Ich habe das Buch mit Begeisterung gelesen und freue mich auf das nächste Werk dieses jungen Autors.

Bewertung vom 07.02.2024
Heinz Labensky - und seine Sicht auf die Dinge
Tsokos, Anja;Tsokos, Michael

Heinz Labensky - und seine Sicht auf die Dinge


ausgezeichnet

Michael Tsokos schreibt mit seiner Frau Anja ganz anders, als man es von seinen Büchern über Rechtsmedizin kennt. Die beiden erzählen herzerwärmend einen Roadtrip eines einfachen, schlichten Mannes, der auf seine Weise doch grandios ist.

Heinz Labensky lebt im sogenannten Feierabendheim, als ihn ein Brief von Rosa erreicht, der Tochter seiner Jugendliebe Rita. Rosa vermutet, dass die in Berlin in einer Baugrube gefundene Leiche ihre Mutter Rita sein könnte. Labensky macht sich auf den Weg zu Rosa, setzt sich in den Flixbus nach Warnemünde und erzählt unterwegs allerlei aus seinem Leben, seine kauzigen Erinnerungen. Dabei zieht er durch die DDR-Geschichte, den Alltag in der DDR, wahre Begebenheiten fiktiv verknüpft wie den Volksaufstand von 1953, den Besuch von Willy Brandt und andere.

Die Darstellung des Heinz Labensky ist dem Ehepaar Tsokos ganz besonders großartig gelungen. Labensky ist ein beschränkter Geist, wird in jungen Jahren als unbeschulbar abgegolten, schlägt sich mit niederen Arbeiten durch und erlebt und bewegt dabei doch Großes. So töricht, so simpel und unbedarft Labensky ist, so wenig scharfsinnig seine Gedanken, so groß ist sein Herz und seine eigene Sicht auf die Welt.

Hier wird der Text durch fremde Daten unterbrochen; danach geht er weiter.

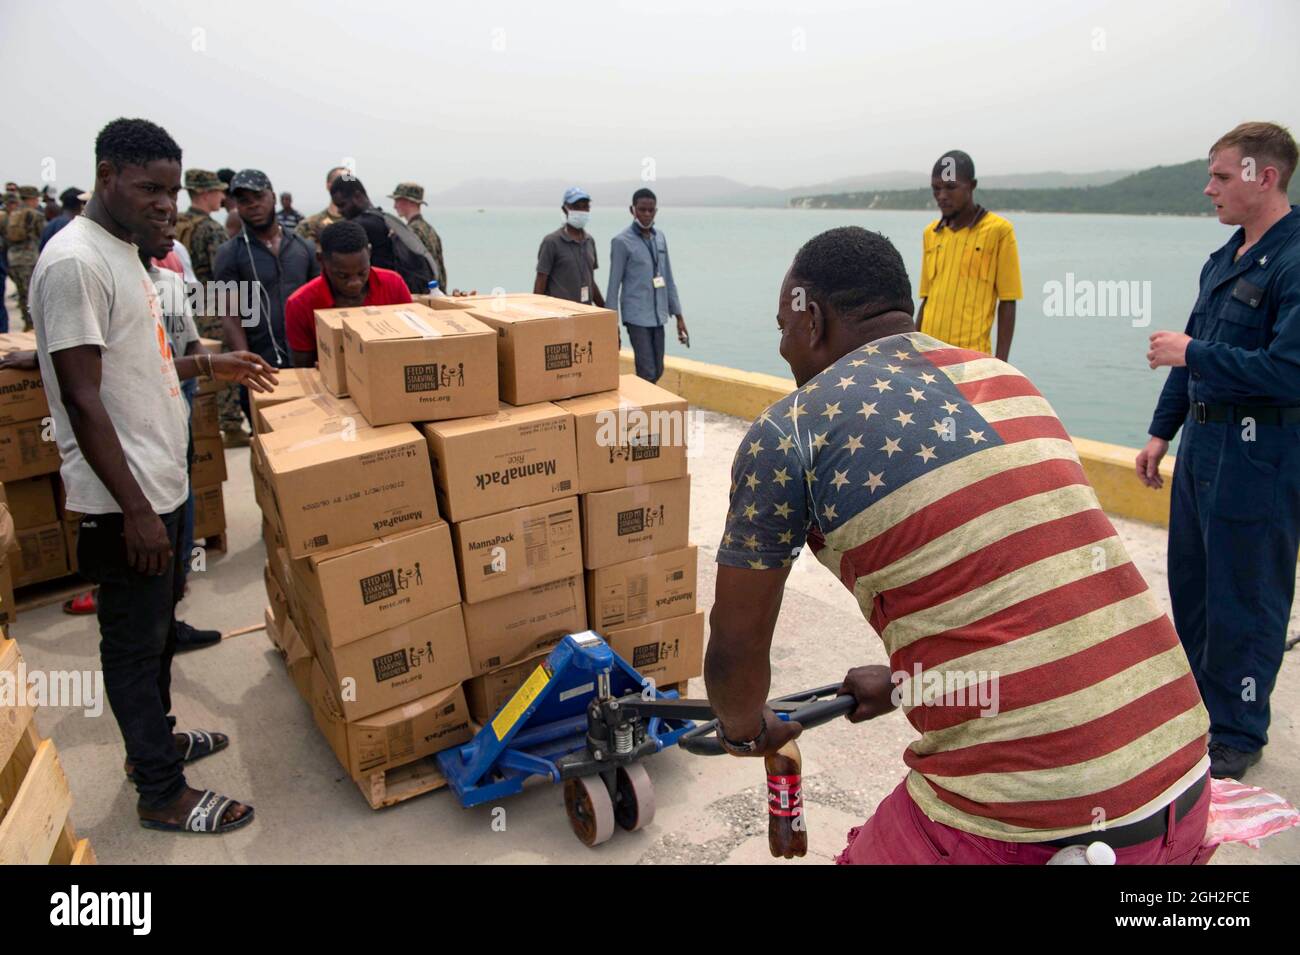 Infantes de Marina, marineros y voluntarios de los Estados Unidos descargaron alimentos de una nave de aterrizaje en el puerto de Jeremie durante una misión humanitaria el 31 de agosto de 2021 en Jeremie, Haití. El ejército, USAID y los voluntarios están ayudando en las secuelas del reciente terremoto. Foto de stock

Ich freue mich auf eine mögliche Verfilmung. Dann sehe ich Milan Peschel als Labensky.

Bewertung vom 14.01.2024
Lichtungen
Wolff, Iris

Lichtungen


ausgezeichnet

Iris Wolff verarbeitet in ihrem neuen Roman „Lichtungen“ die Beziehung zwischen Lev und Kato, die seit der Kindheit ein Band verbindet, welches keine Kategorie hat. Diese beiden Menschen gehen als Soulmates und doch ist da mehr, eine tiefe und breite Verbindung. Eingebettet ist die Geschichte der Familien in Rumänien zur Zeit unter Ceaușescu und erfährt Veränderung durch den Zerfall des Ostblocks und die Öffnung der Welt.

Das Besondere am Plot ist, er wird rückwärts erzählt. Beginnend beim Kapitel neun und einer gemeinsamen Fahrt auf der Fähre spreizt sich das Geschehen sukzessive in die Vergangenheit zurück. „Die Erinnerungen waren über die Zeit verstreut wie Lichtungen.“

Iris Wolff schreibt in einer ihr eigenen und typischen Sprachfarbe, poetisch erwärmend, berührend und himmlisch schön. Ihre Worte nehmen mich als Leserin auf in diese Welt und saugen mich mitsamt Emotionen durch die Jahre. Ich erlebe Flucht, die große Überfahrt, Trips in die Metropolen genauso wie in das diktaturgeprägte Rumänien.

Bewertung vom 07.12.2023
Bevor die Welt sich weiterdreht
Brosch, Luca

Bevor die Welt sich weiterdreht


ausgezeichnet

Luca Brosch schreibt nicht nur einen spannenden Spionagethriller sondern auch eine Lovestory, einen historischen Roman und die Geschichte einer verzweifelten Mutter.

Der Protagonistin Johanna wird nach der Geburt ihr Kind entzogen. Um es zurück zu erhalten, lässt sich die junge Frau auf eine Agententätigkeit ein, wobei bald nicht mehr klar ist, wer eigentlich für wen spioniert. Selbstverständlich kommt auch noch Liebe ins Spiel, Liebe für einen Mann, der auch nicht sauber ist, aber so ganz anders als der unliebsame Verlobte. Die politischen Verhältnisse und historischen Ereignisse im Ersten Weltkrieg und in der Schweiz in Davos umrahmen die Handlung und geben ihr den nötigen Drive. Überraschende Wendungen bereichern den Plot, Sogwirkung garantiert.

Das Buch wurde verfilmt. Es lohnt sich aber vorher zu lesen.